__What to do__:
Only one span is wanted from the lines below: from the one with "Staat und Recht" up to and including the one with "metallic black pearl". Copy it exactly, without images.

__Material supplied__:
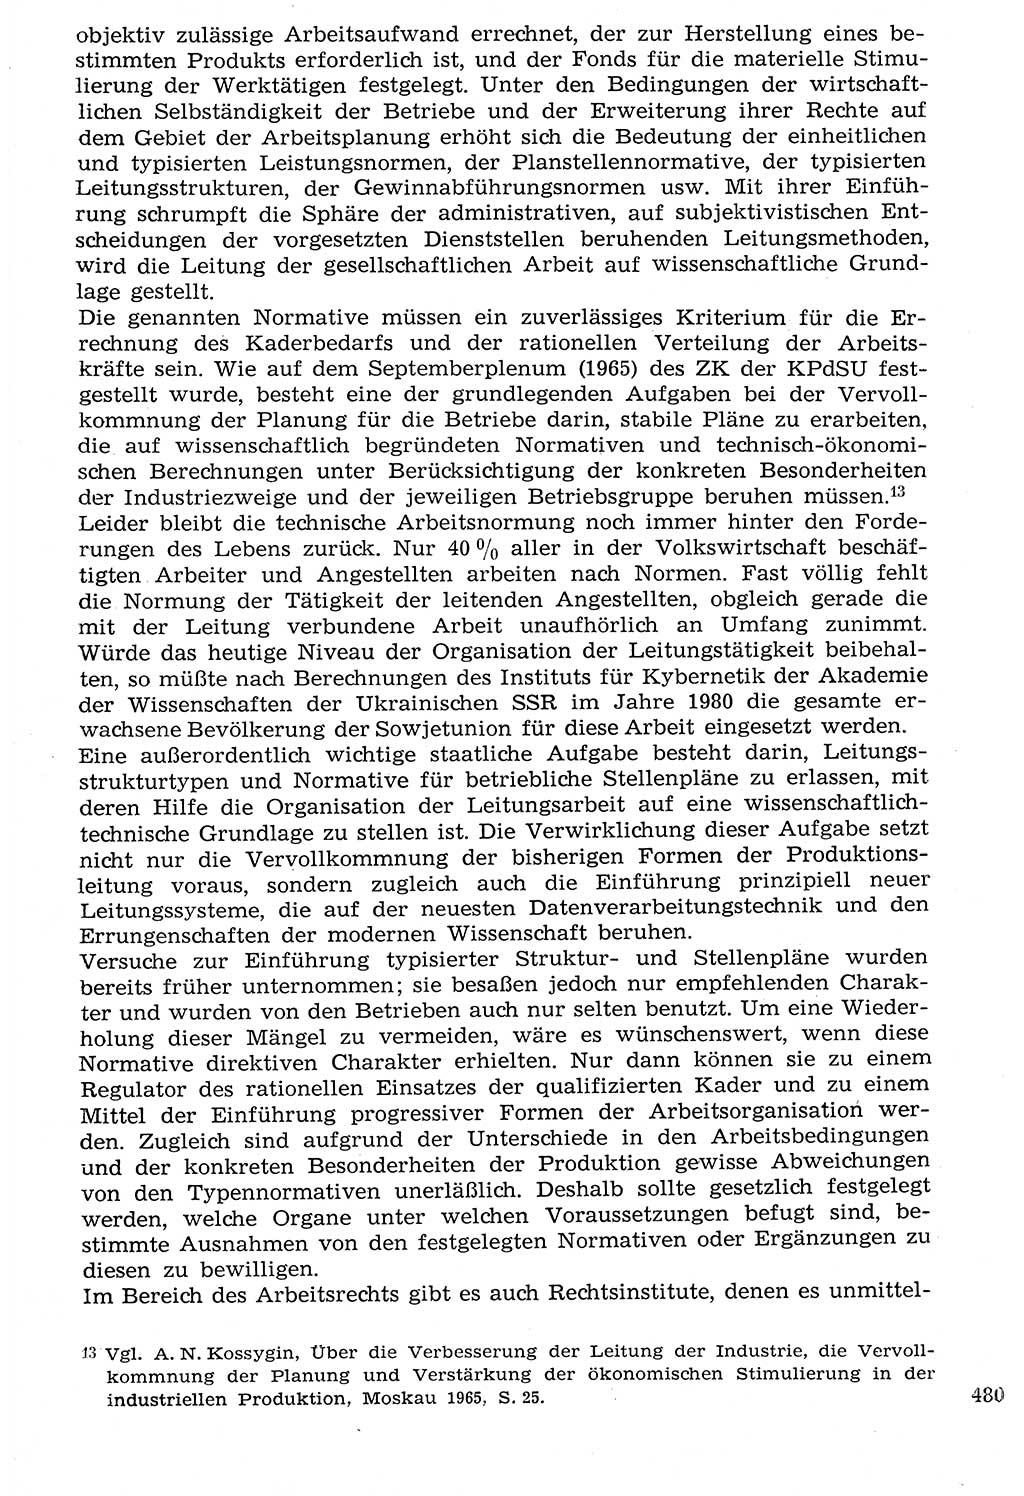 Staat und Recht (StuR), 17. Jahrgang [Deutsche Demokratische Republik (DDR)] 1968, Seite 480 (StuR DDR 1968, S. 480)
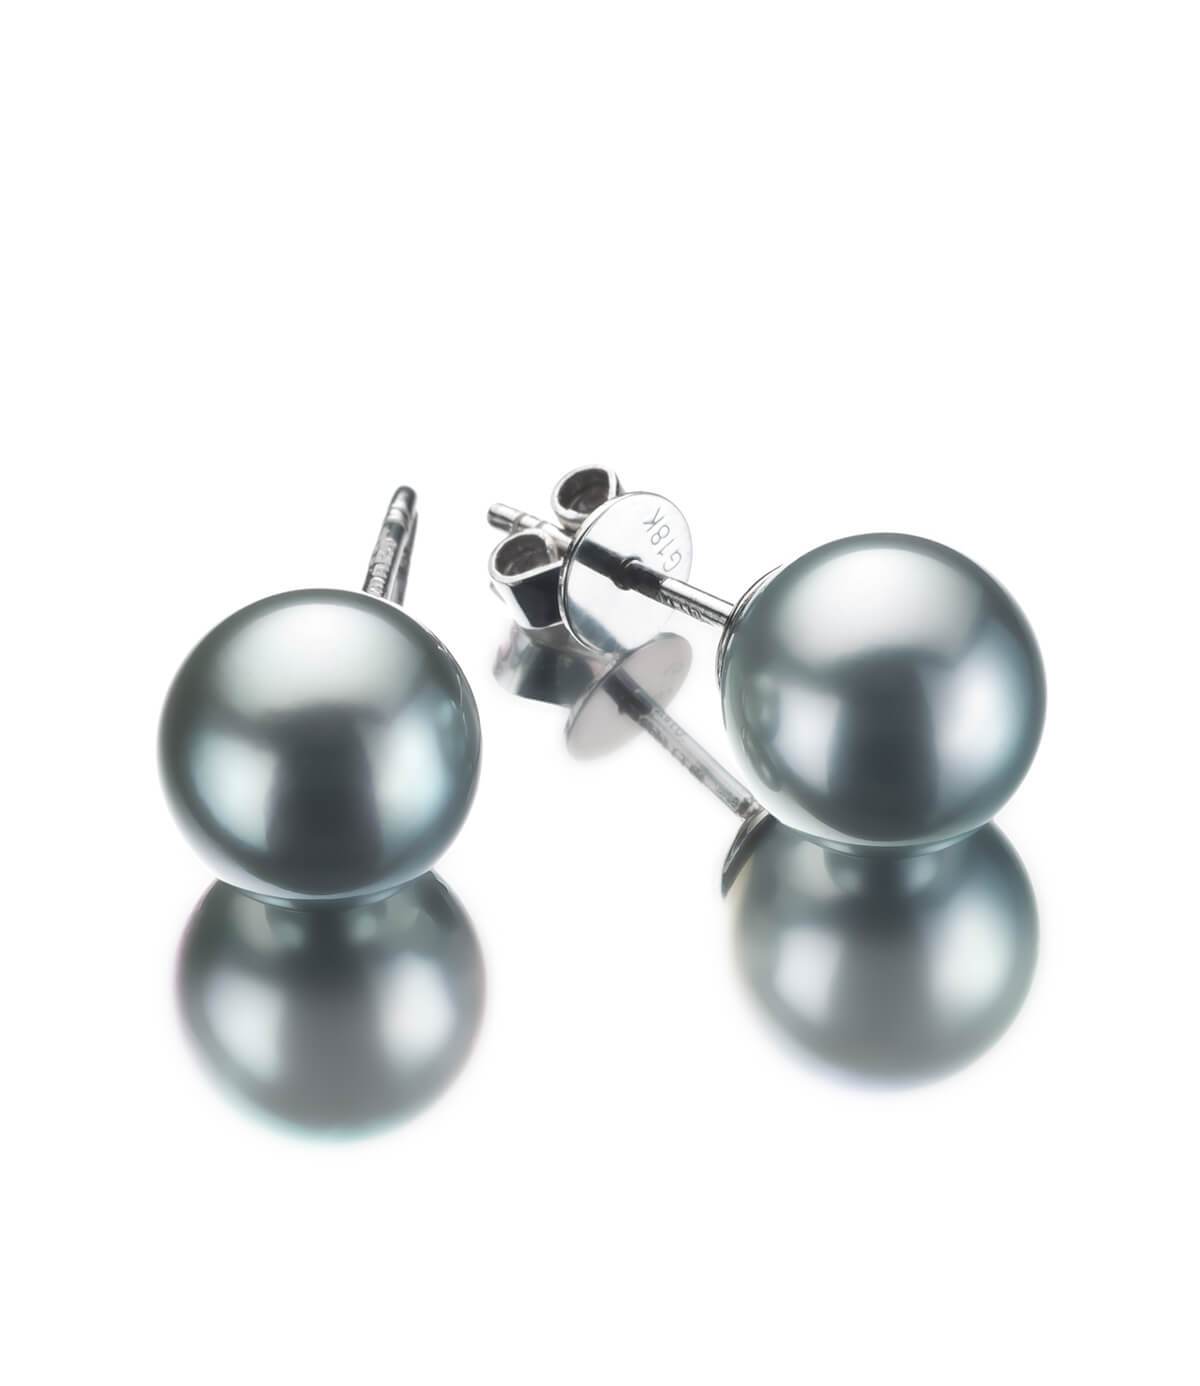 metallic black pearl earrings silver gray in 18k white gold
* * *
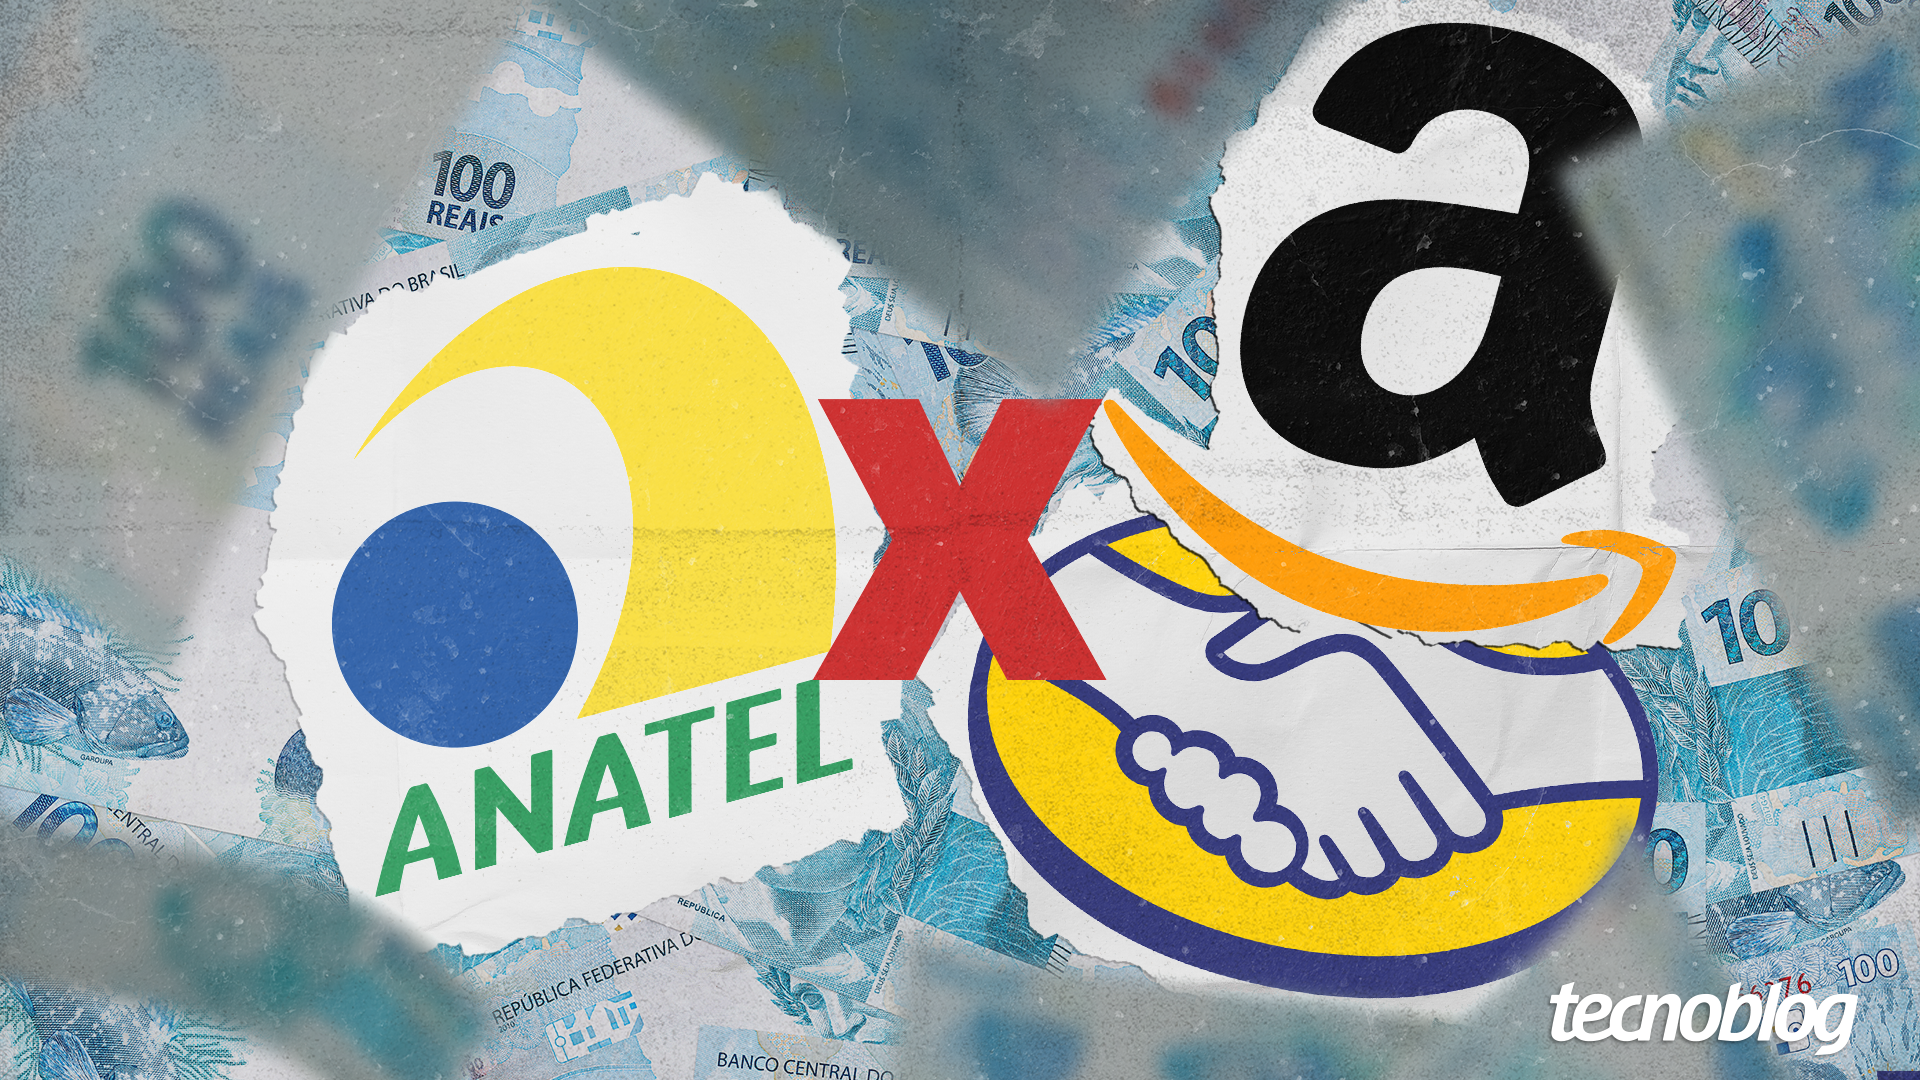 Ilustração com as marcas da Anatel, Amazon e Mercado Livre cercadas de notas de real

__Your solution__:
 Staat und Recht (StuR), 17. Jahrgang [Deutsche Demokratische Republik (DDR)] 1968, Seite 480 (StuR DDR 1968, S. 480)
 metallic black pearl earrings silver gray in 18k white gold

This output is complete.